● Source data
- Opening Delimiter -
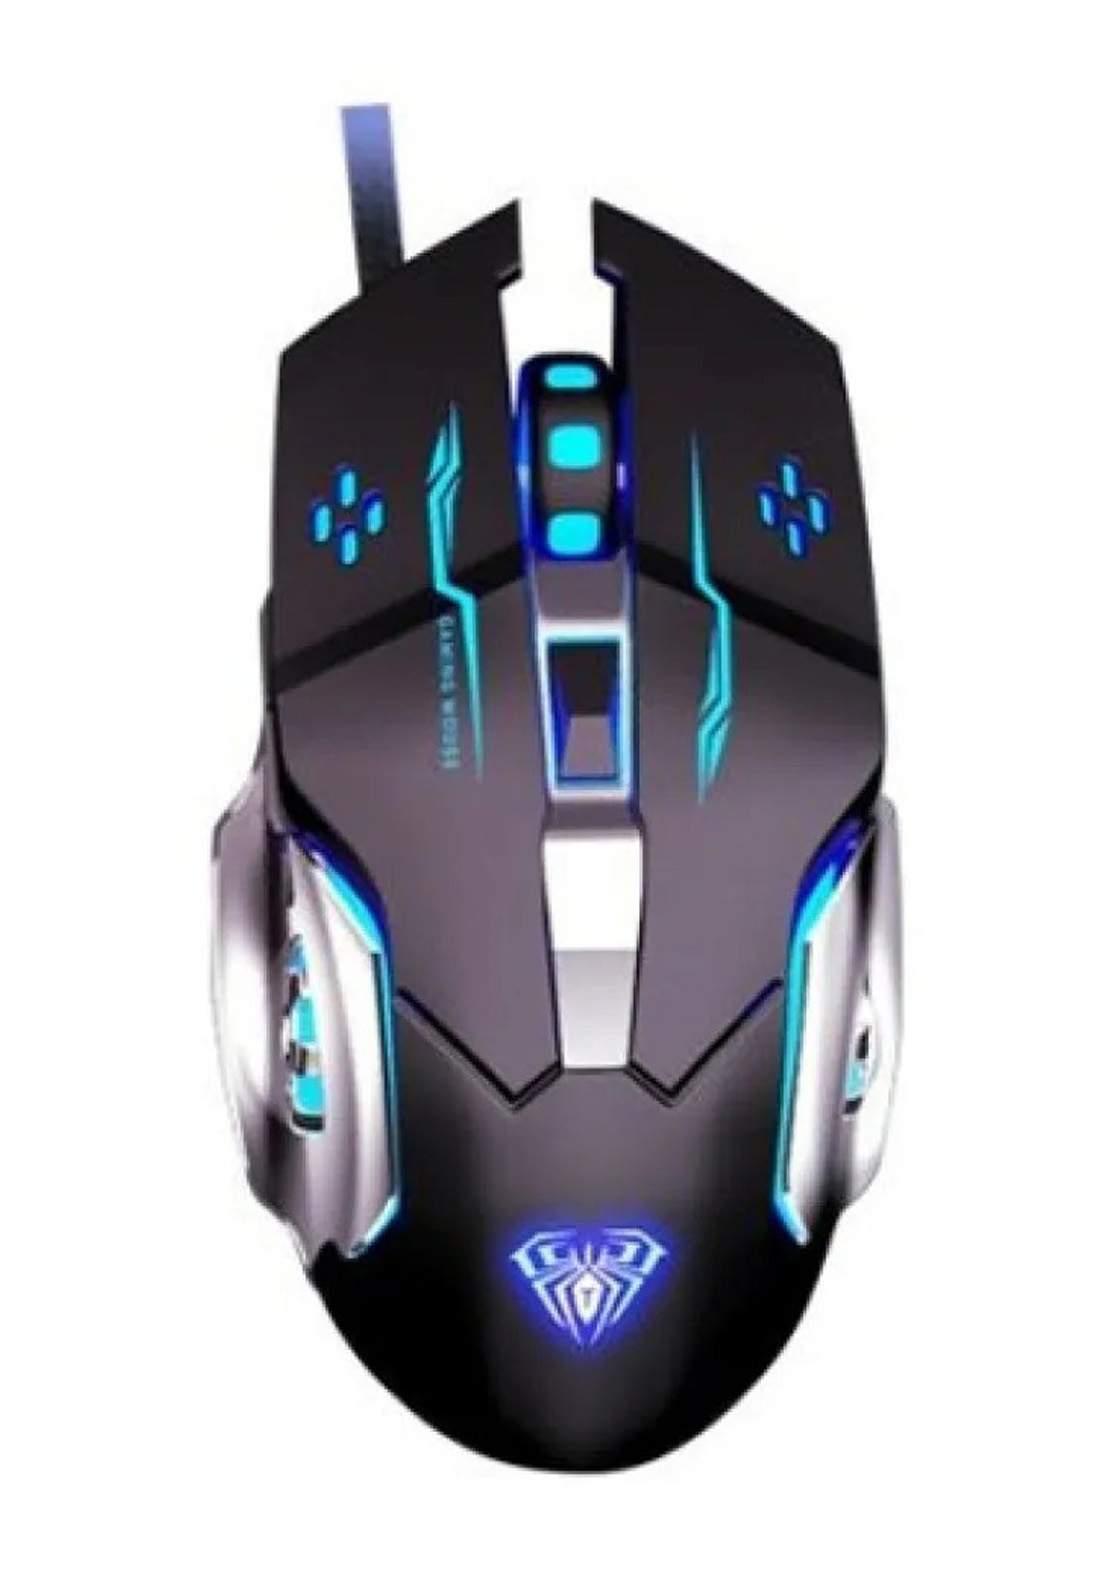 Aula S20 Programmable Ergonomic Optical Gaming Mouse - Black ماوس
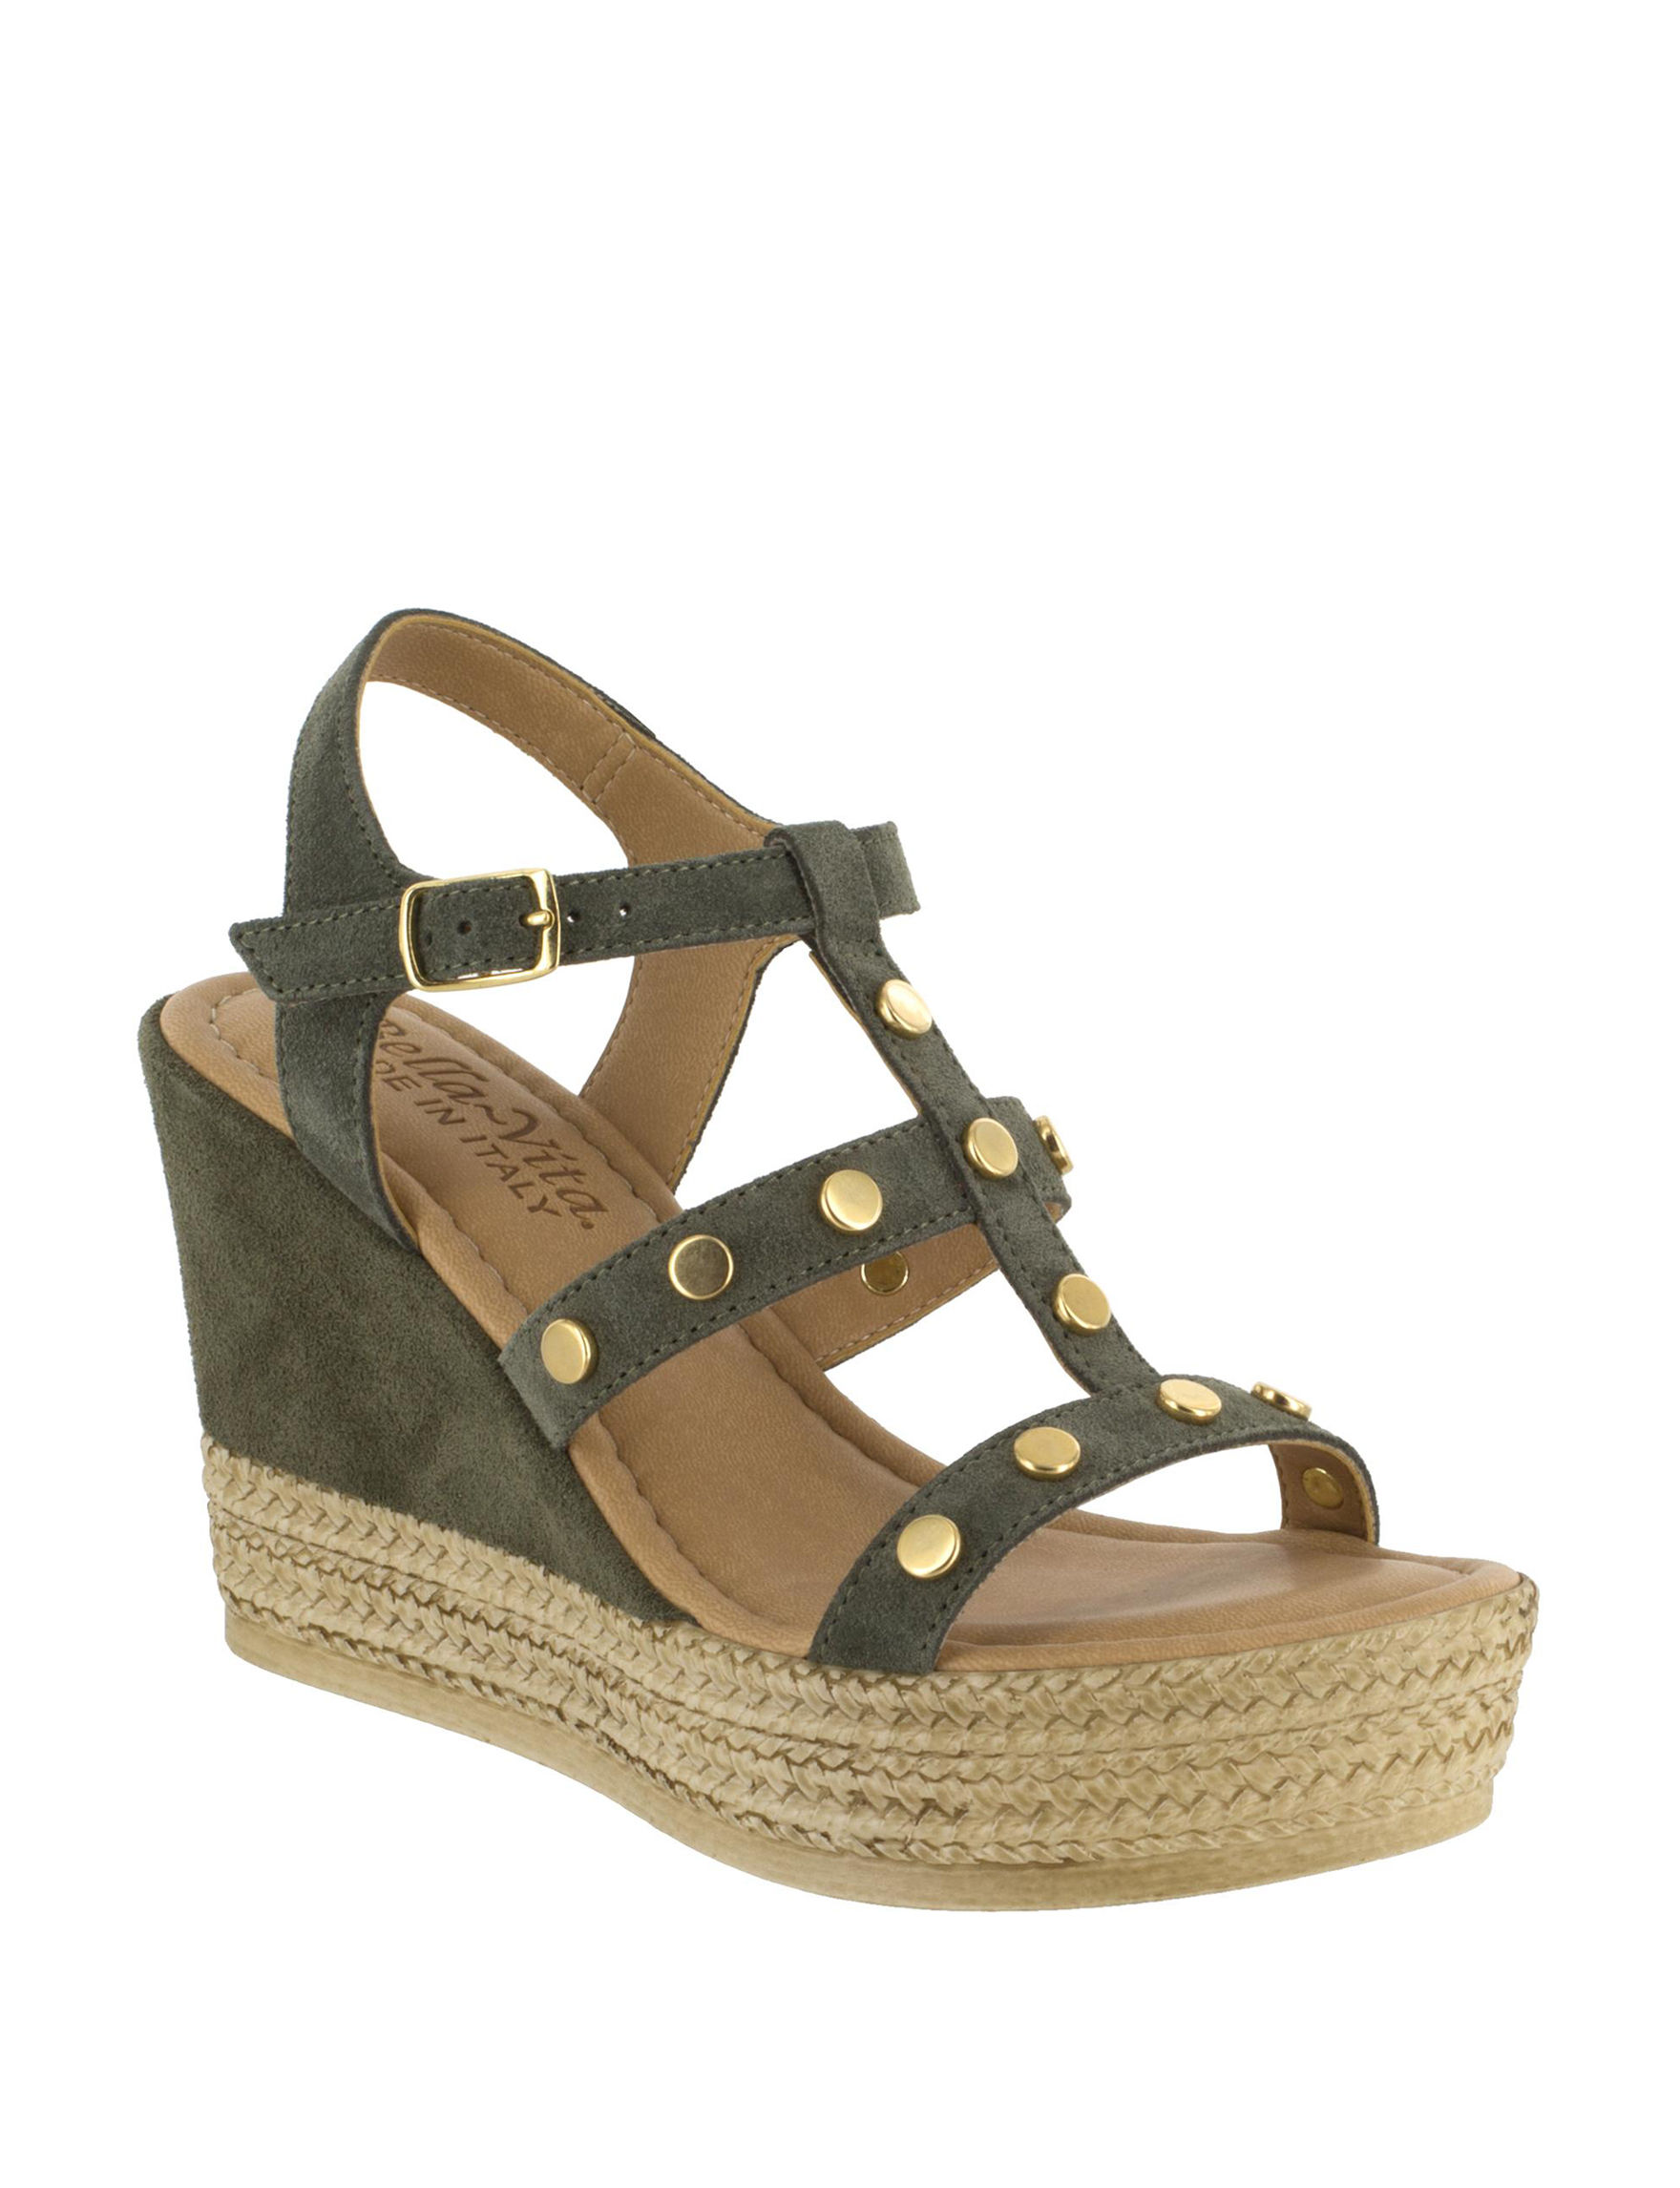 Bella Vita Olive Espadrille Wedge Sandals
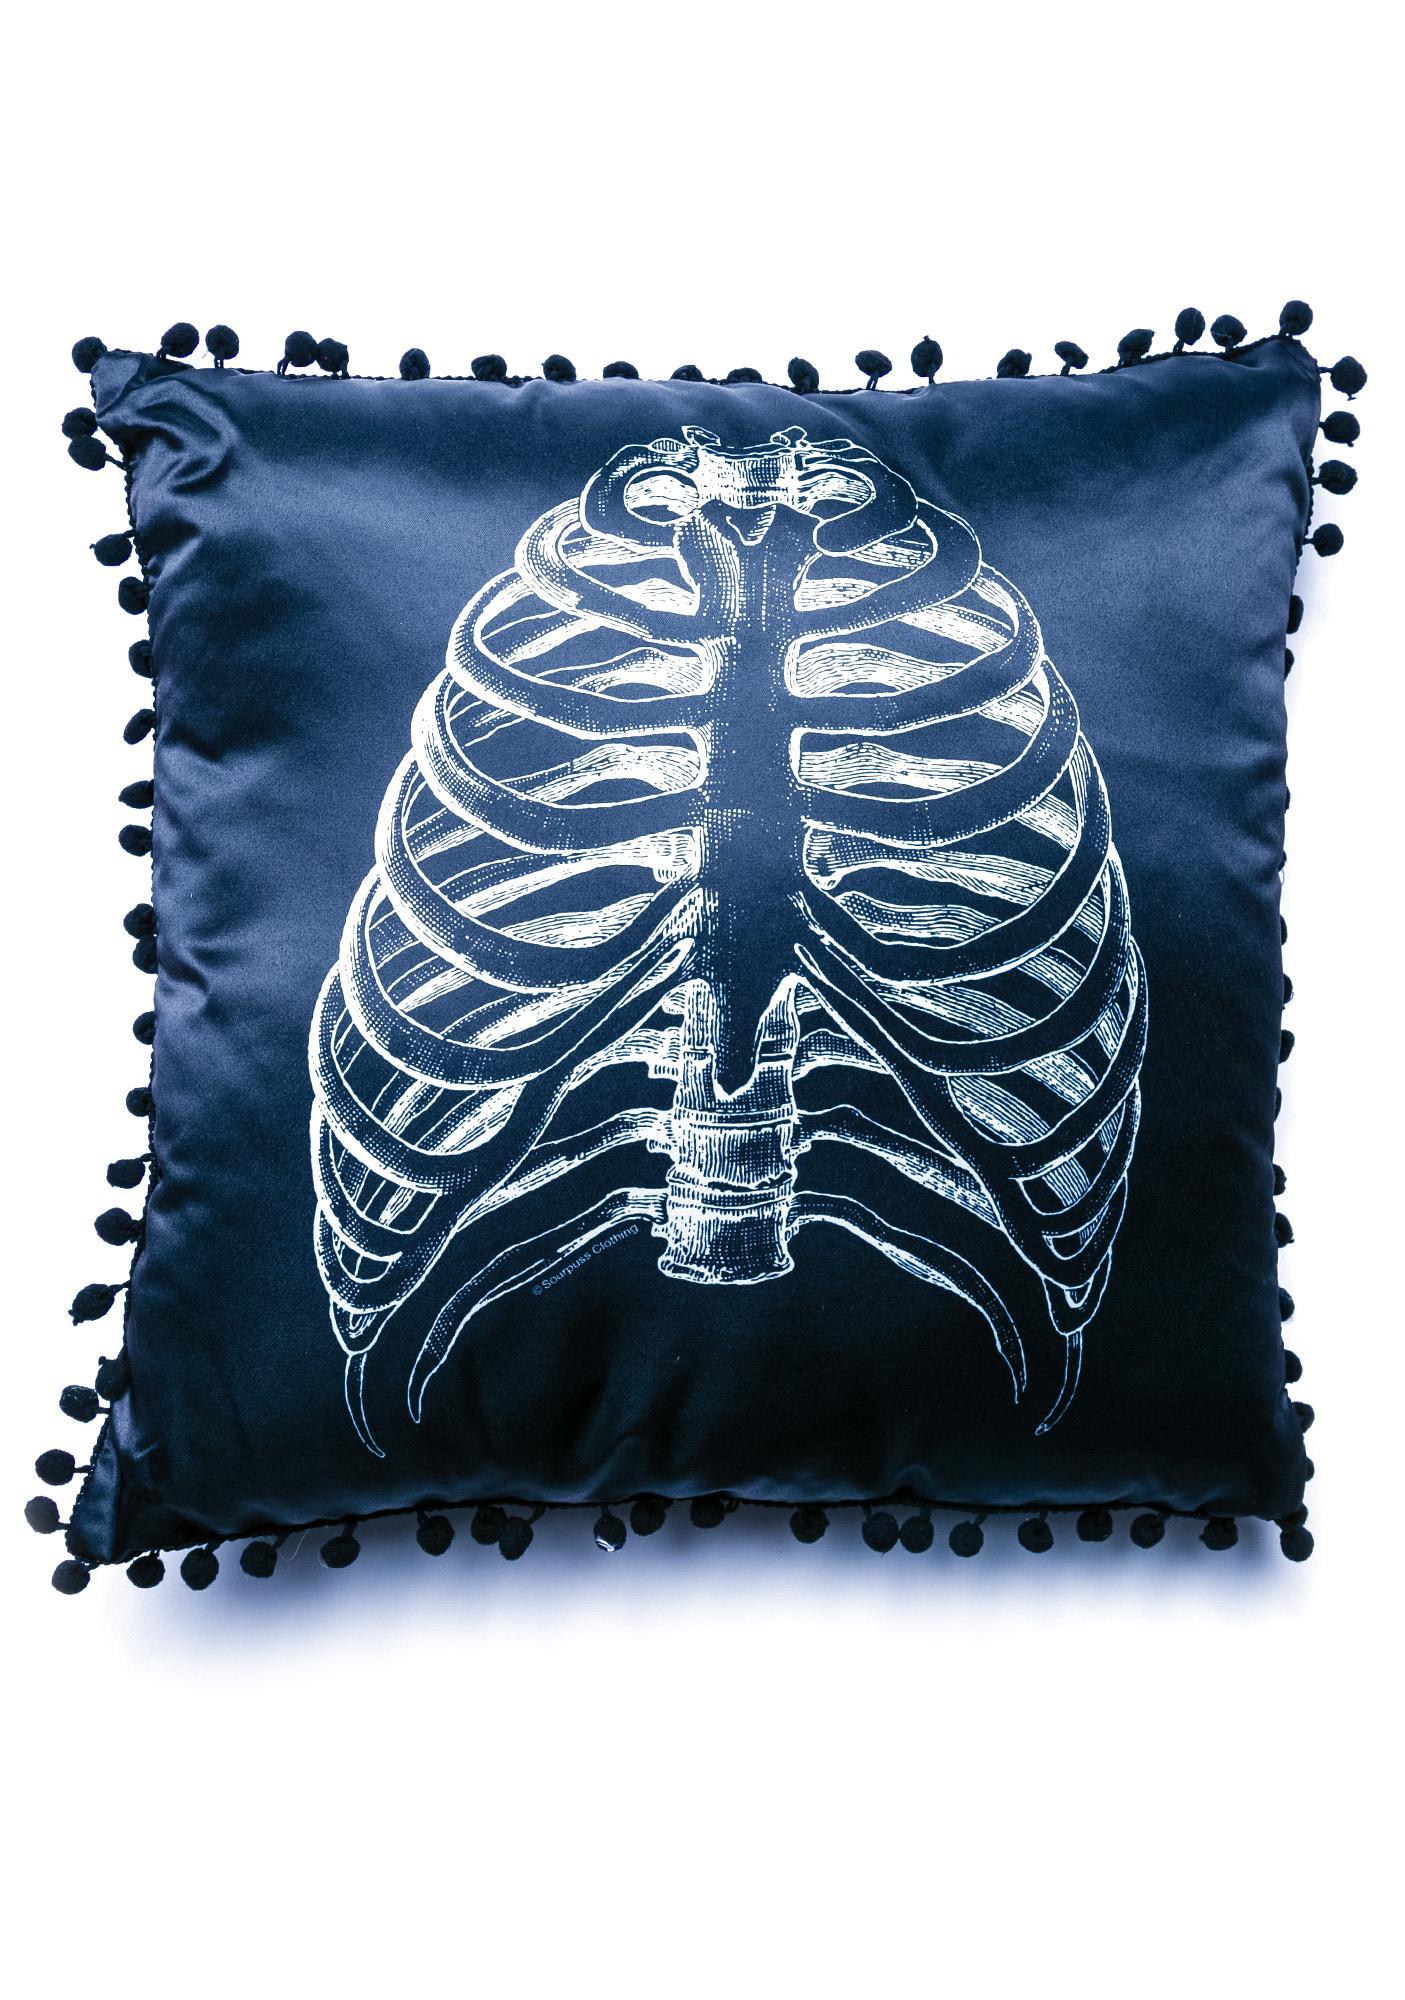 Sourpuss Clothing Anatomical Ribs Pillow
- Closing Delimiter -
● What to work on
Keep the pictures out while you retype all of the data above exactly as it appears.

● Written reply
 Aula S20 Programmable Ergonomic Optical Gaming Mouse - Black ماوس
 Bella Vita Olive Espadrille Wedge Sandals
 Sourpuss Clothing Anatomical Ribs Pillow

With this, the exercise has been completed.